Further away from “traditional” higher ed, there’s lots of intriguing activity. For instance, “competency-based” education (CBE) bases completion on skills and learning rather than course credit hours. Instead of moving on a semester-by-semester clock, students can progress through online courses when they demonstrate mastery of the requisite material, permitting accelerated credentials, big cost savings, and radical customization. A pioneer in this space, Western Governors University, has had much success with this model—and graduated more than 250,000 students to date. It charges students a flat rate per semester (generally about $3,000 to $4,000)—which covers courses, learning materials, assessments, and the rest—and then allows students to complete as many courses as they want in a term for that fee. 

Learning accelerators offer an array of short-term, immersive training programs that are intended to prepare students for jobs that require tech skills (like web development or data science). Organizations like Dev Bootcamp, Flatiron School, General Assembly, App Academy, Galvanize, and others offer such accelerated career-training programs where students attend a 10- to 15-week course for around $10,000 to $15,000. Many of these programs are selective, and most are intense, with students working closely with classmates and instructors for up to 60 hours a week.

Meanwhile, for all the Elizabeth Warren crowd’s laments about state inaction, state legislatures considered more than 1,400 bills on higher education funding in 2021. At least five states considered expanding or creating new promise scholarship programs. Seven states took up proposals to subsidize the cost of textbooks and other materials. And Alabama, California, Colorado, Maryland, and New Hampshire adopted universal FAFSA completion policies, joining Louisiana, Texas, and Illinois in requiring all students to fill out the FAFSA before they graduate high school. 
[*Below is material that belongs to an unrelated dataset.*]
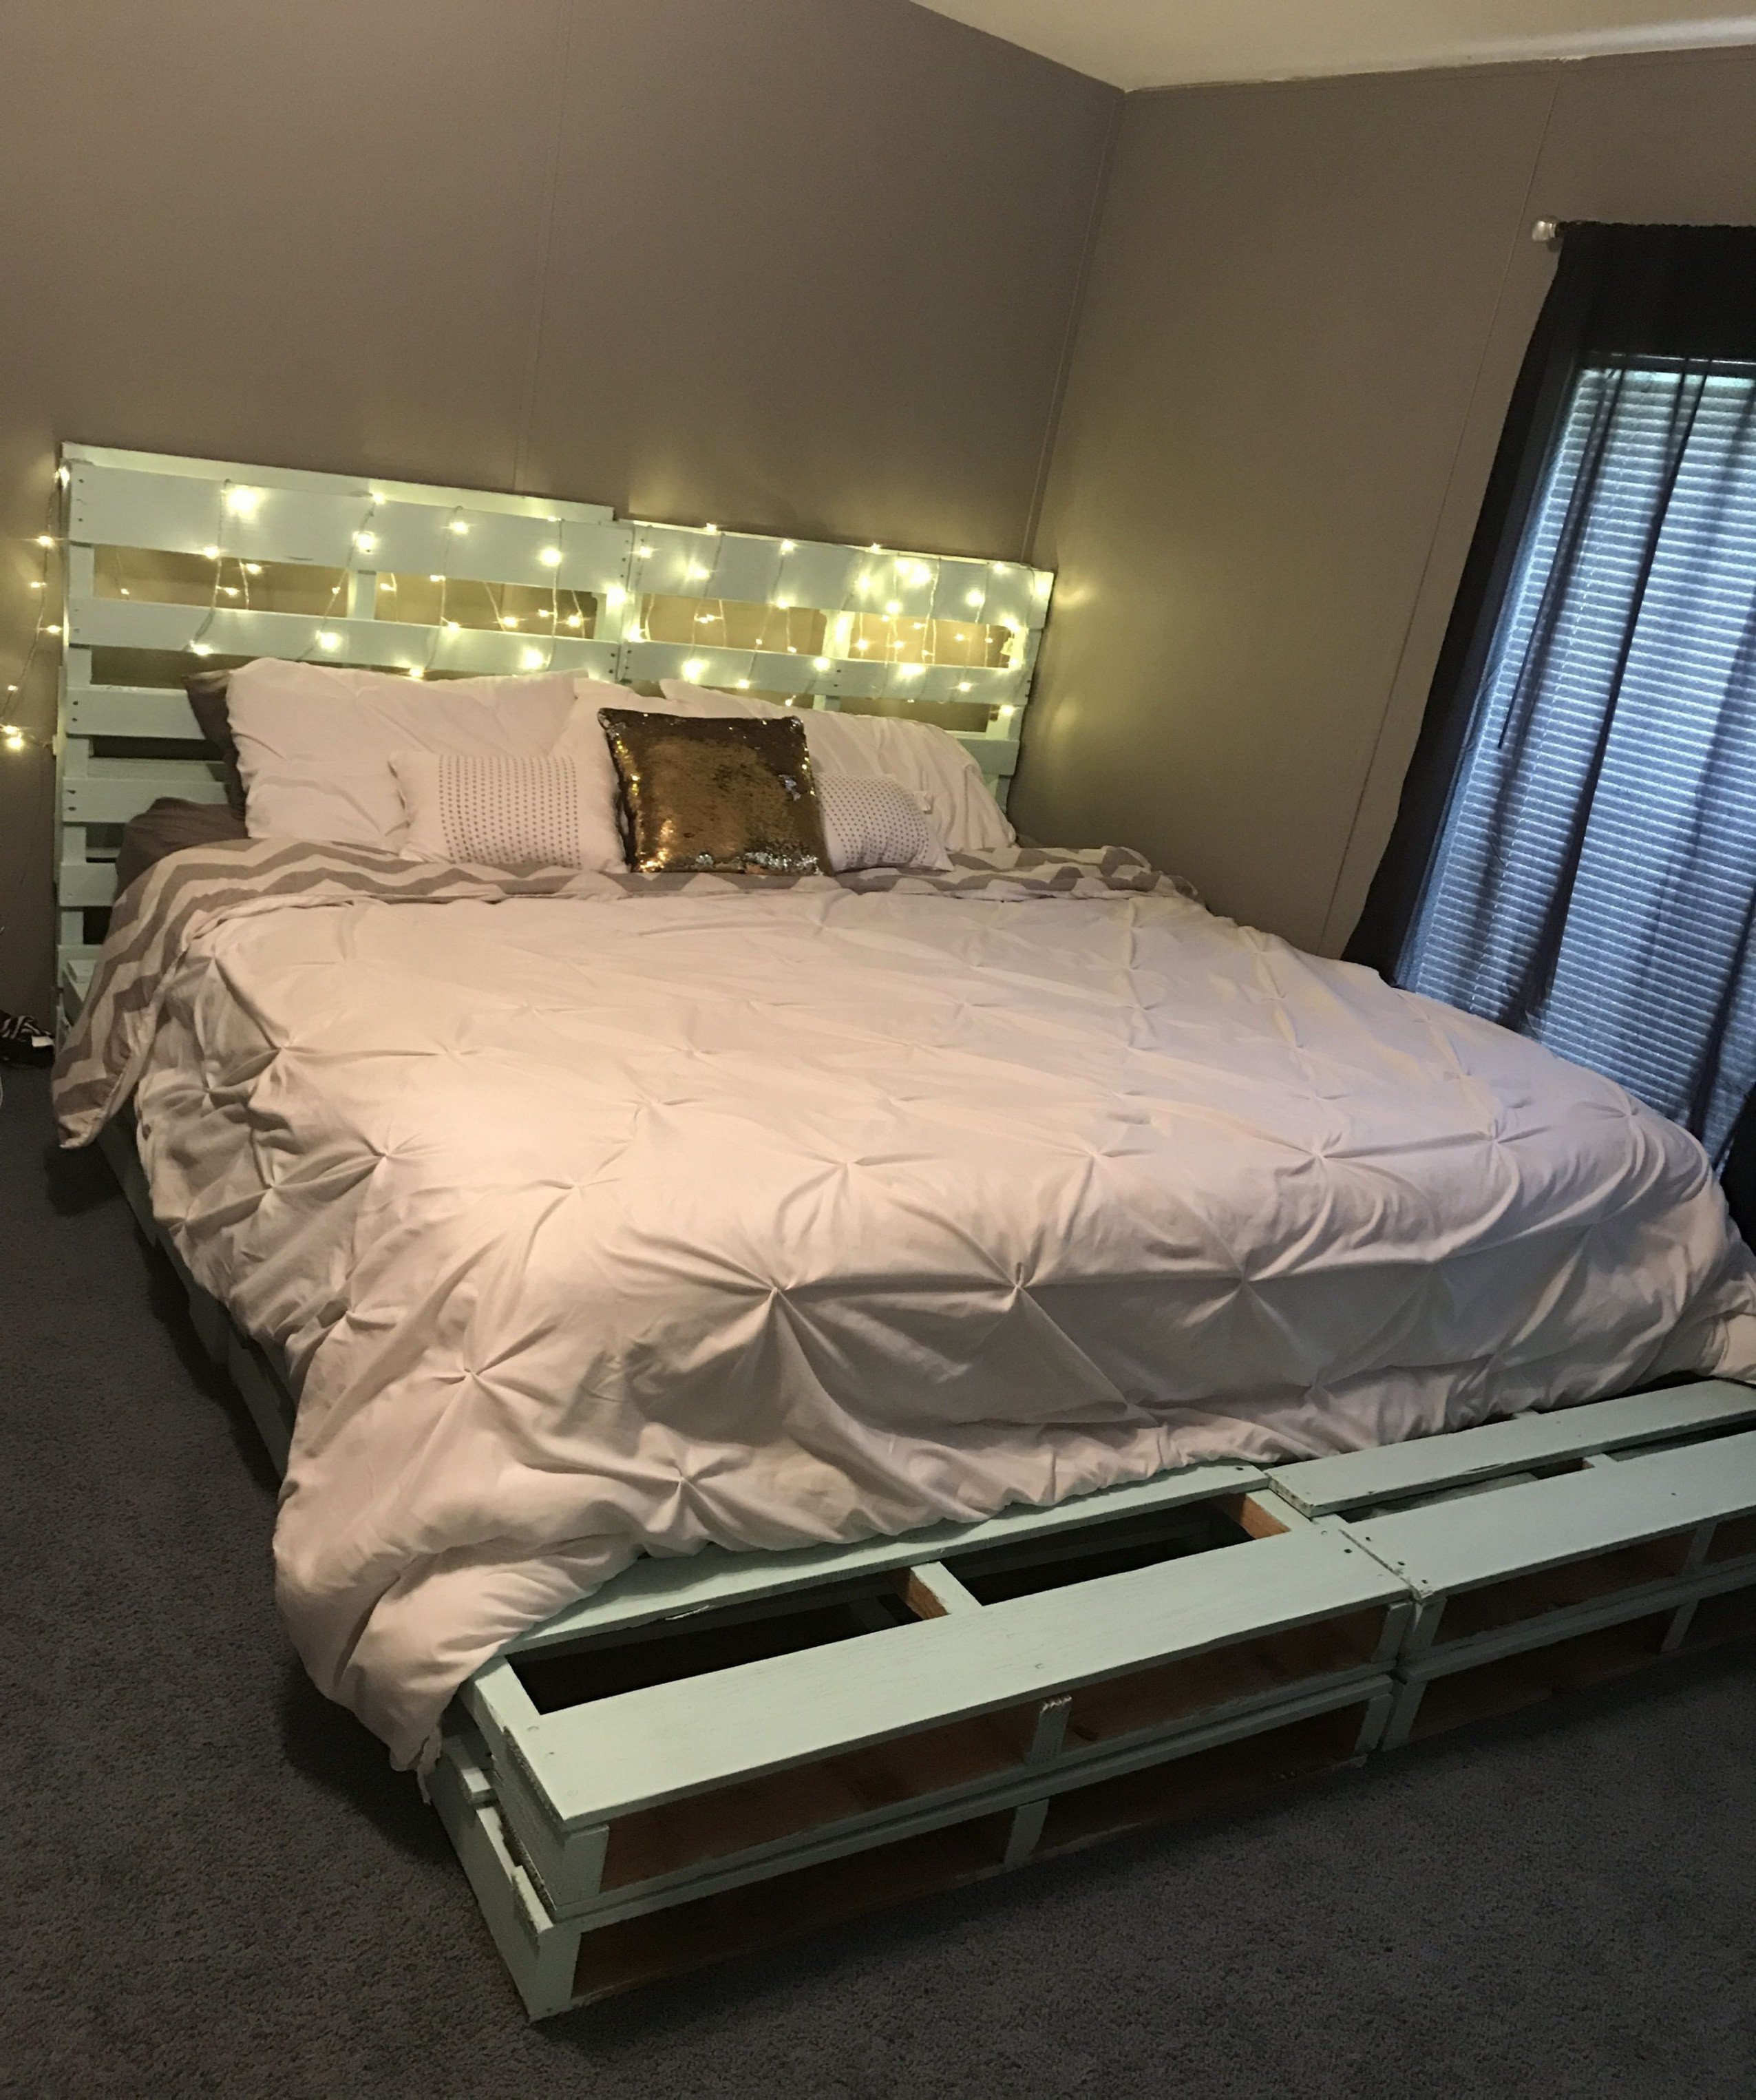 Bedroom Set King Size Inspirational Making A Pallet Bed Diy King Size Bed Frame 21 New Making A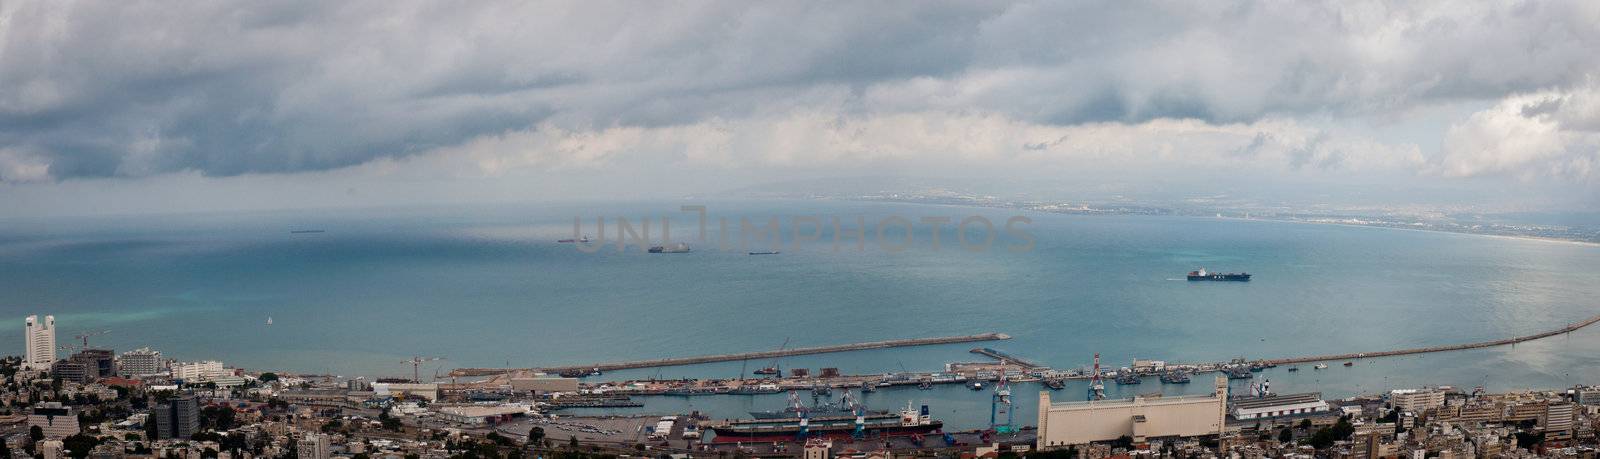 Panorama of the coast of Haifa . by LarisaP

There are real challenges when it comes to college affordability. There are also extraordinary opportunities to tackle these in ways that advance opportunity, responsibility, and customization. Instead of calling for massive new federal outlays, reformers might instead focus on supporting and extending the wealth of promising solutions that are trying to break through the college cartel’s inertia and bloat. That means making it easier for students enrolled in competency-based education to tap federal aid and changing rigid rules which impede ISAs or learning accelerators.    

In a sector bedeviled by out-of-control costs and bureaucratic bloat, it’s odd to imagine that more federal spending is the answer. Why spend trillions trying to make college provision look more like Amtrak or the U.S. Postal Service when a host of ZipCars, Ubers, FedExes, and UPSs are already clamoring to get more fully in the game? Perhaps the better answer is to invite them in.

Frederick M. Hess is director of education policy studies at the American Enterprise Institute.